### WORK REQUIRED
Only the pictures are to be dropped; the rest of the data below is to be duplicated exactly.

### THE DATA

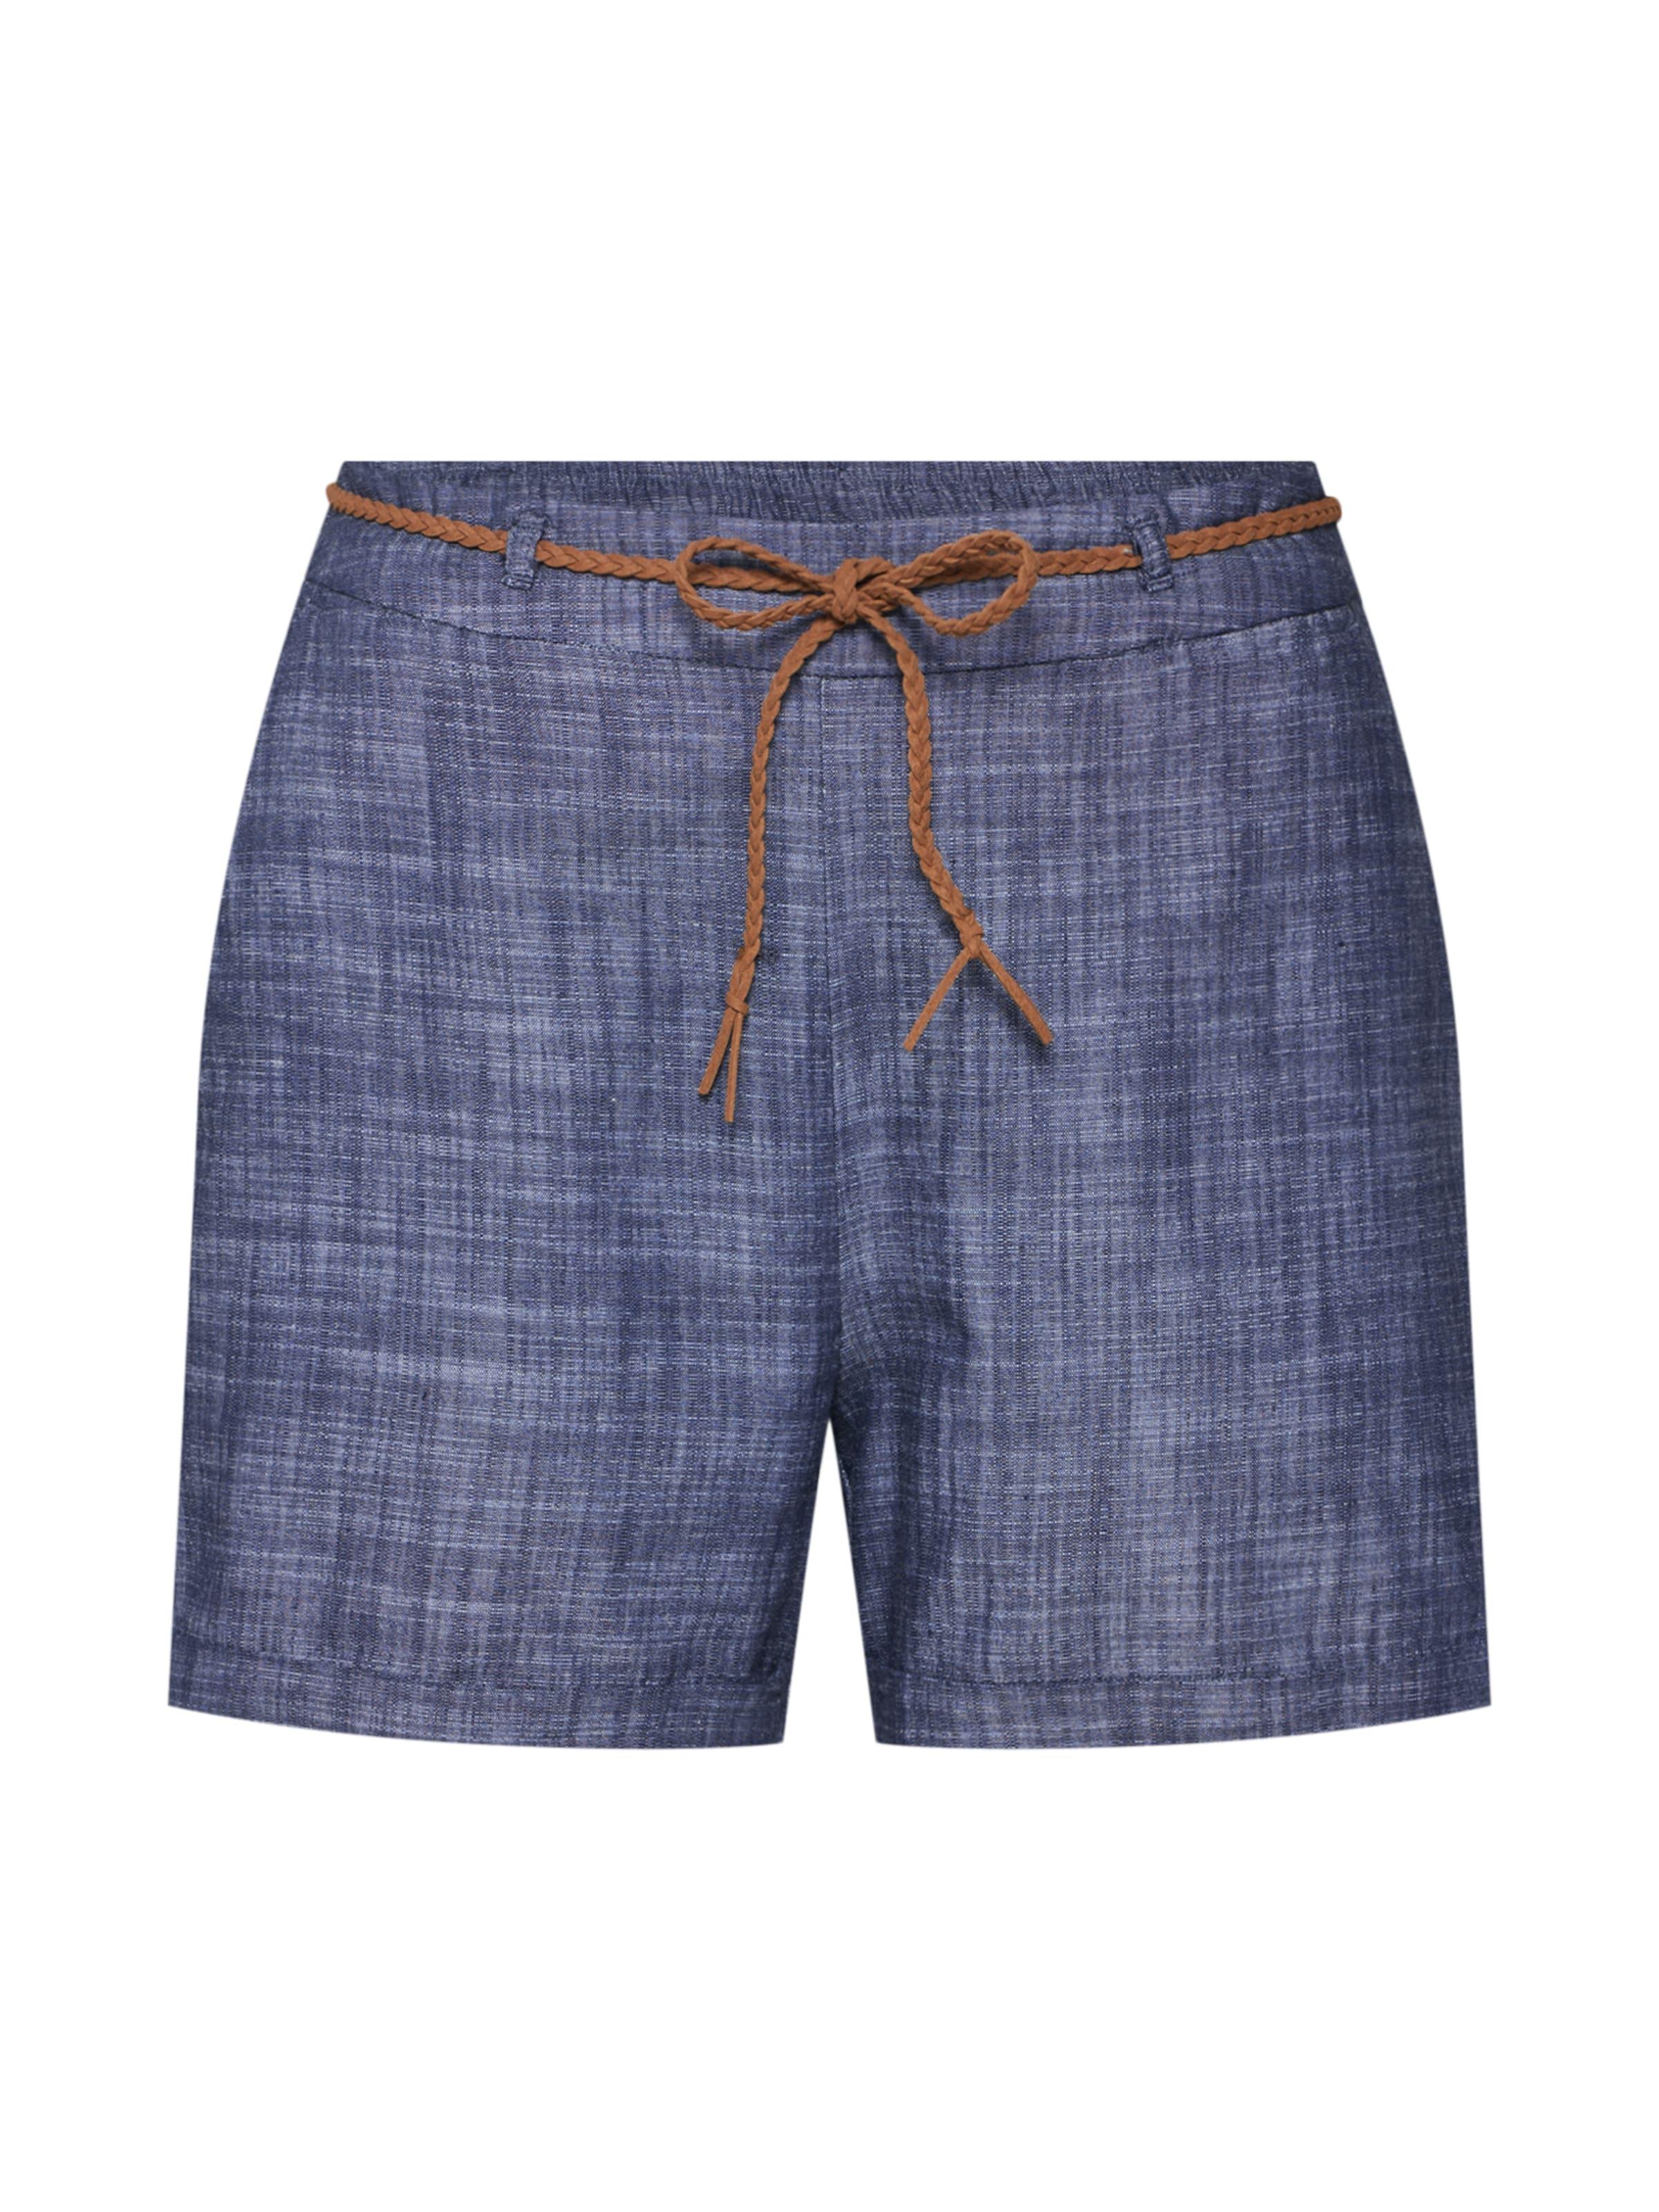 Belt Bleu Jacqueline De Yong En Marine Shorts' 'lucky Pantalon dBxoerC
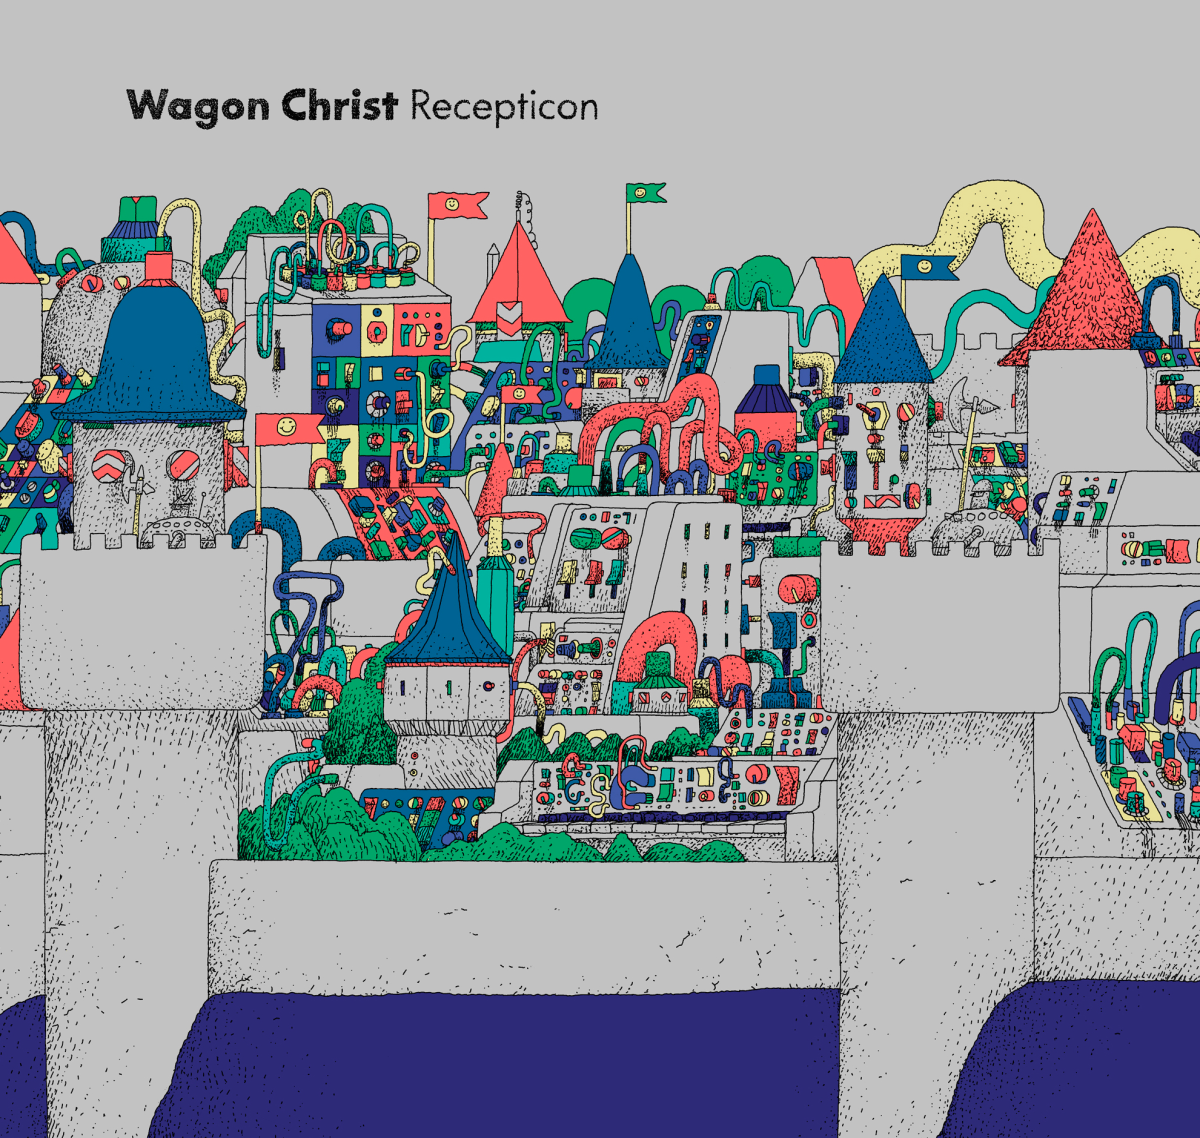 Wagon Christ Reception
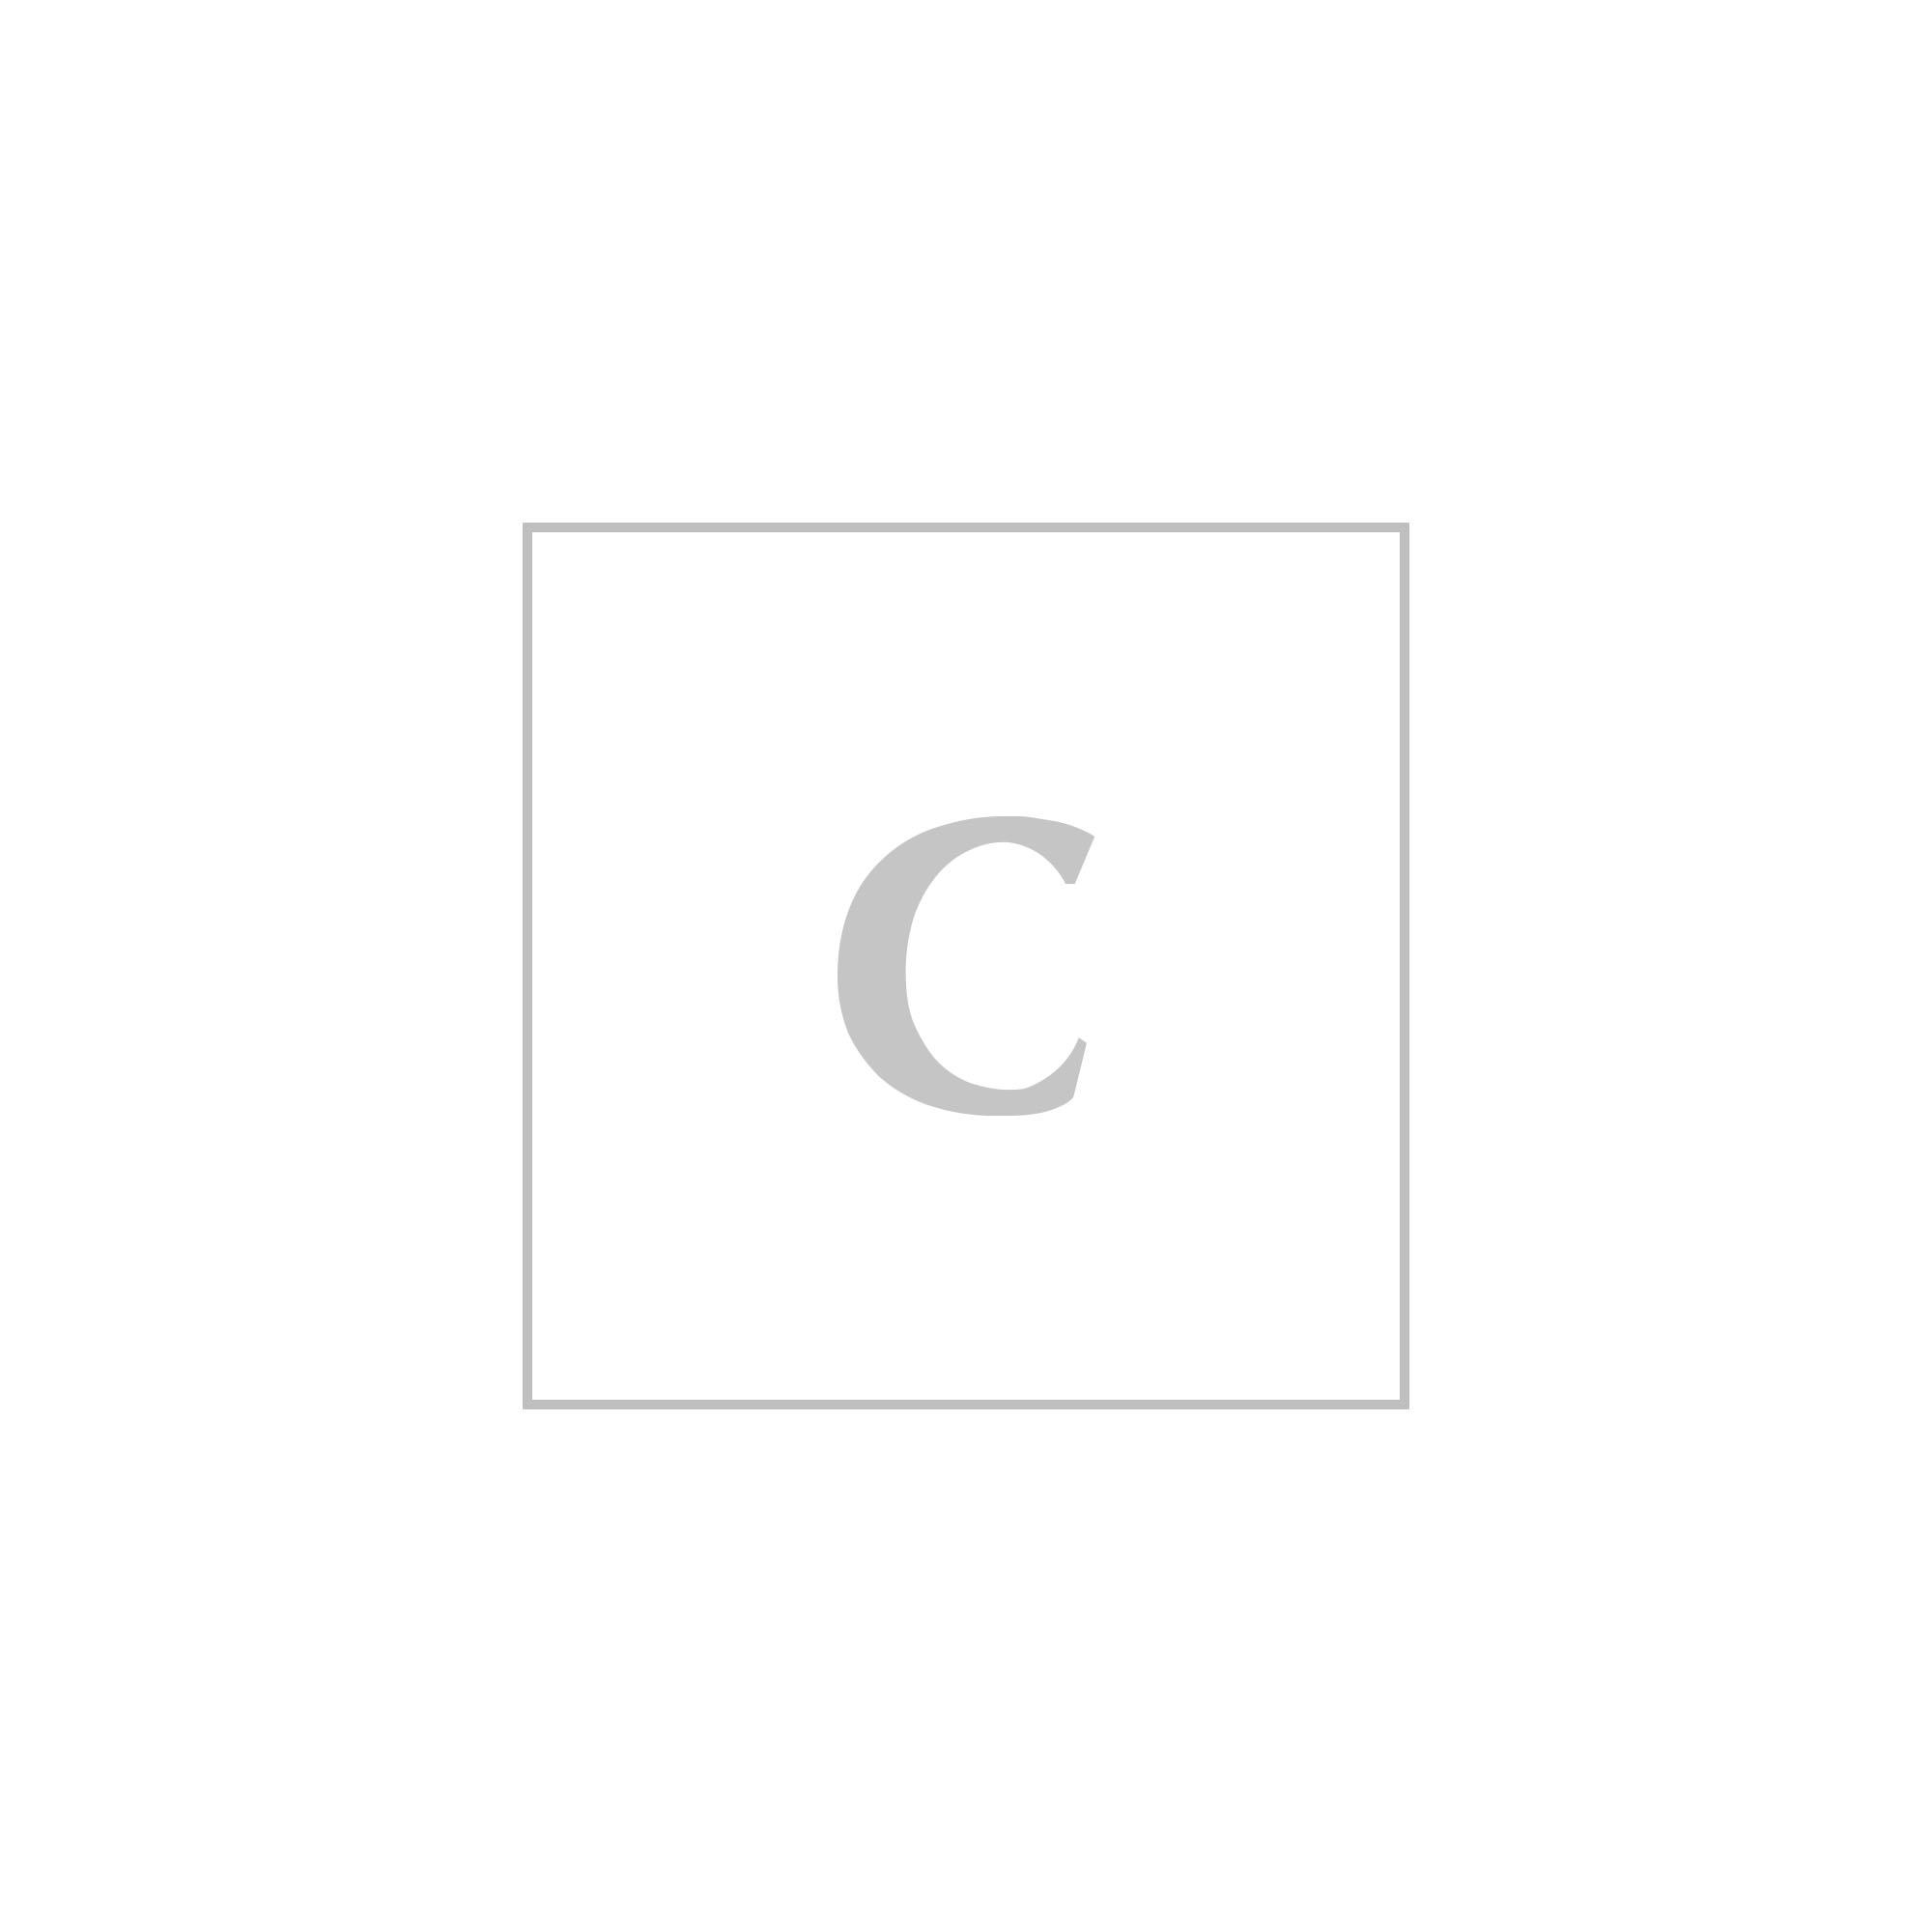 Michael kors borsa large cynthia logo satchel

### RESULT BELOW
 Belt Bleu Jacqueline De Yong En Marine Shorts' 'lucky Pantalon dBxoerC
 Wagon Christ Reception
 Michael kors borsa large cynthia logo satchel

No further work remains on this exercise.